In 2004, in response to a suit brought by the ACLU, US District Court Judge Victor Marrero in New York ruled that the Patriot Act provisions related to National Security Letters
violate the Constitution because they amounted to unreasonable search and seizure. He found free-speech violations in the nondisclosure requirement, which for example, disallowed an Internet service provider from telling customers their records were being turned over to the government.

After he ruled, Congress revised the Patriot Act in 2005, and the 2nd U.S. Circuit Court of Appeals directed that Marrero review the law's constitutionality a second time.
And he's ruled the same way again. AP for Friday has the word:
A federal judge struck down a key part of the USA Patriot Act on Thursday in a ruling that defended the need for judicial oversight of laws and bashed Congress for passing a law that makes possible "far-reaching invasions of liberty."
The issue was not the NSLs themselves, which allow federal agents to obtain financial, telephone, and Internet records without a warrant, but the ability of the government to keep the demands secret, even to the point of requiring businesses and organizations presented with such demands to keep silent about them under pain of imprisonment. With NSLs, AFP notes in its report on Marrero's decision,
[i]nstead of going to court to get approval, agents only have to show their supervisor that the information is "relevant to an authorized investigation to protect against international terrorism or clandestine intelligence activities."
That is, the person whose records are demanded by the feds doesn't have to be suspected of any wrongdoing or even be a target of an investigation, and no court is involved - the only requirement is that some supervisor or another decides the information is "relevant." That sort of wide-reaching definition is an open door to abuse, which of course is exactly what happened.
A March government report showed that the FBI issued about 8,500 national security letter, or NSL, requests in 2000, the year prior to passage of the USA Patriot Act. By 2003, the number of requests had risen to 39,000 and to 56,000 in 2004 before falling to 47,000 in 2005. The overwhelming majority of the requests sought telephone billing records information, telephone or e-mail subscriber information or electronic communication transactional records.
That is, from 8,500 in one year to an average of over 47,000 per year.
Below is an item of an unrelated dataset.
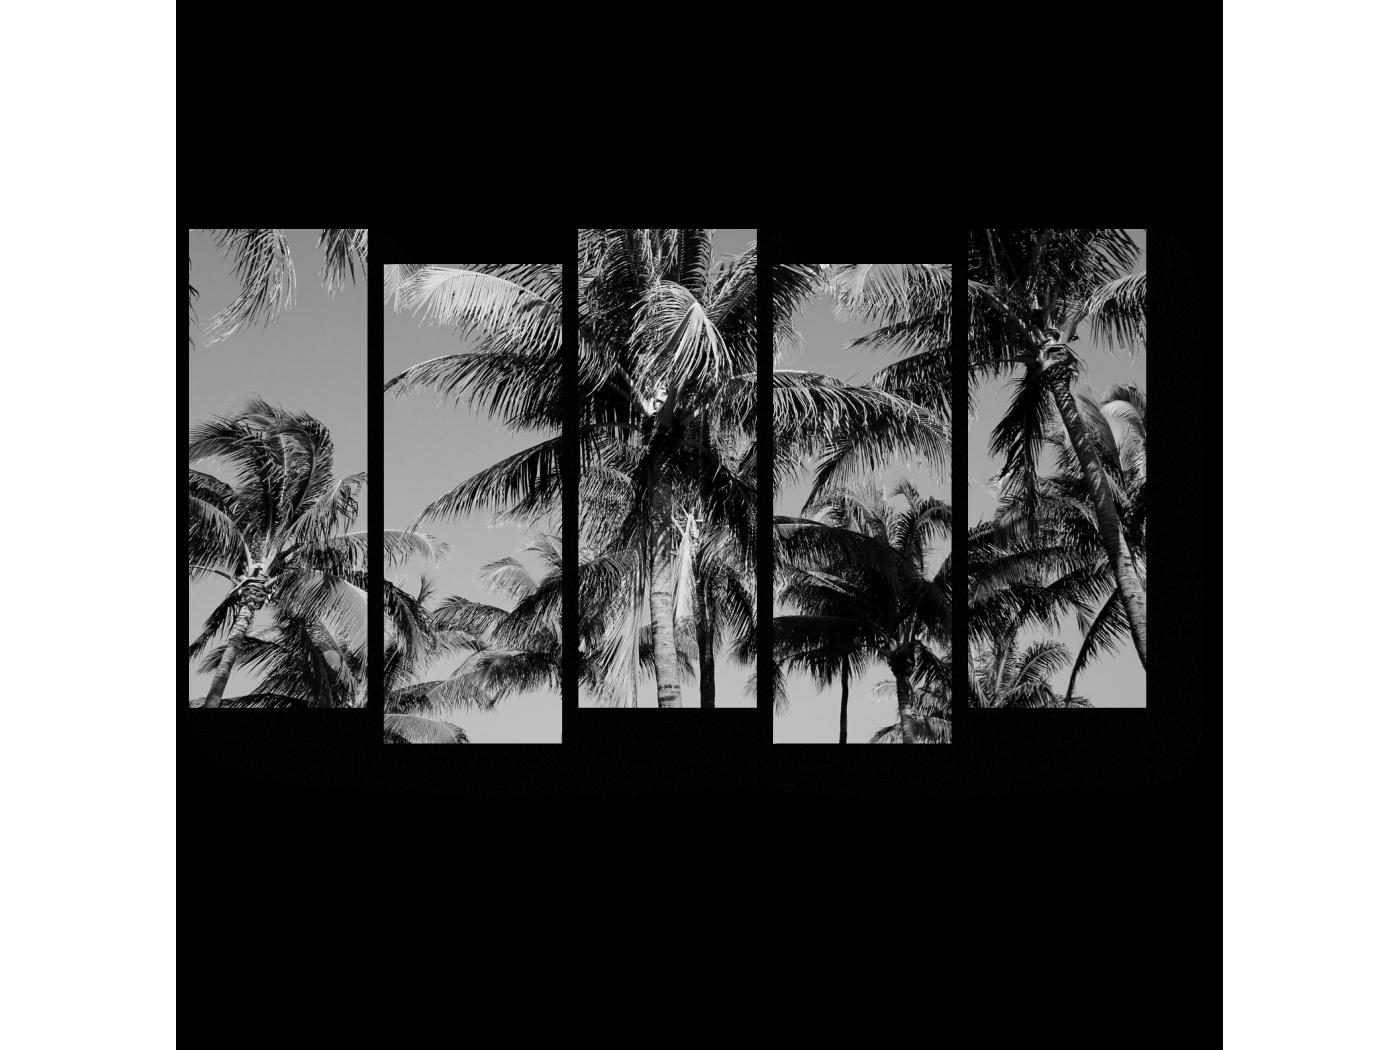 Модульная картина Жаркие тропики (90x52) фото

What's more,
in hundreds of cases [the FBI] broke the rules to get them by either seeking information not permitted under the act or else not getting sufficient approval, a congressionally-requested report found.
In the wake of Marrero's 2004 ruling,
Congress rewrote the law in 2005 to give people the right to challenge the gag order....
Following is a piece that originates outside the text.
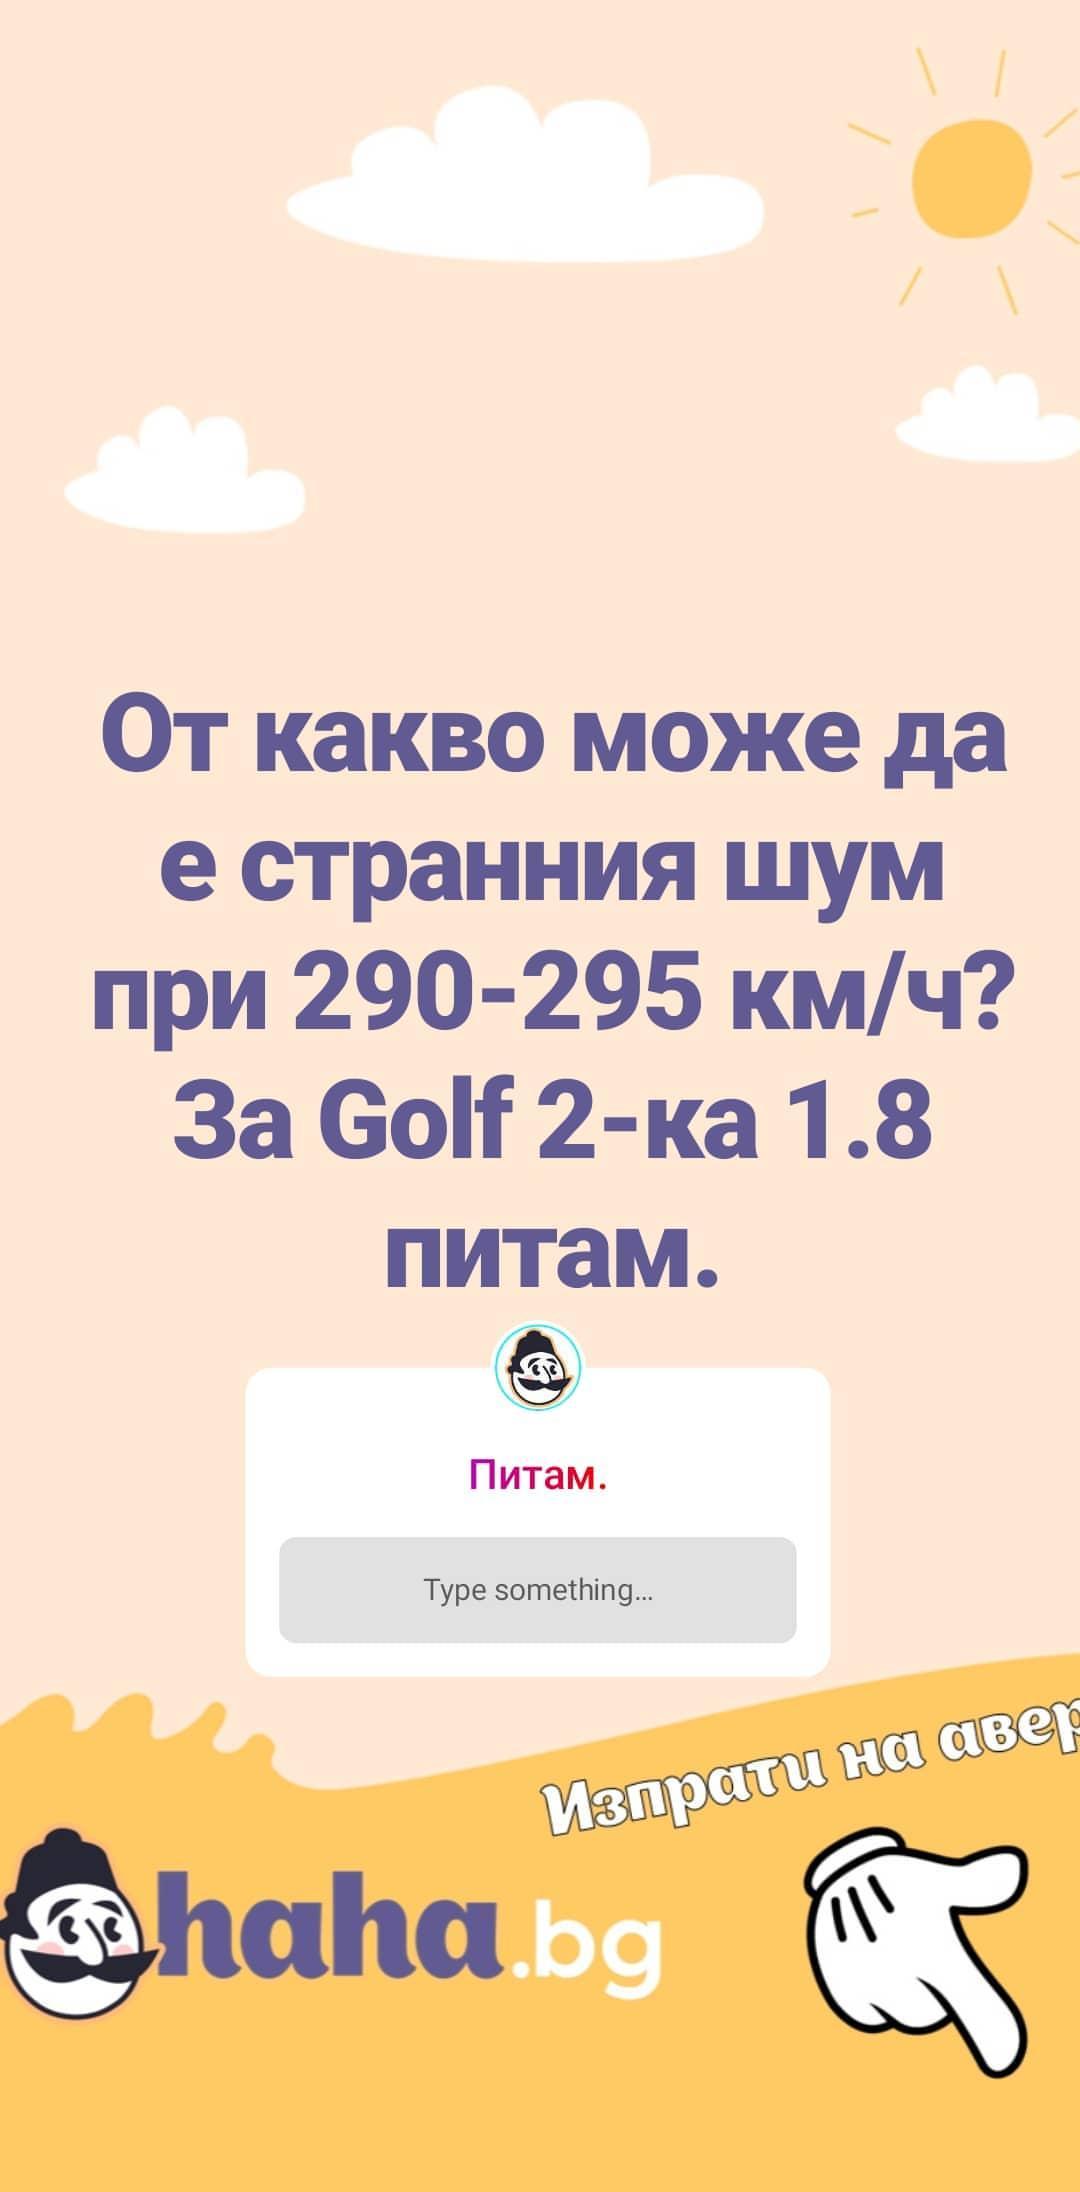 Голф 2 шум при 290 км/ч

But the FBI was given the final word on whether it is safe to remove the gag order, something Marrero said Thursday "offends the fundamental constitutional principals of checks and balances and separations of powers."
Allowing the provision to stand would run the risk, Marrero said in his 103-page ruling, that
the constitutional barriers against governmental abuse "may eventually collapse, with consequential diminution of the judiciary's function, and hence potential dire effects to individual freedoms."

In that event, he said, the judiciary could become "a mere mouthpiece of the legislature."
Marrero stayed the effect of his ruling for 90 days to give the government a chance to appeal. Which of course they will. However, Marrero is wrong in one way: The ultimate intent in such an appeal is not to make the judiciary a "mere mouthpiece of the legislature." It's to make it a mere mouthpiece of the executive.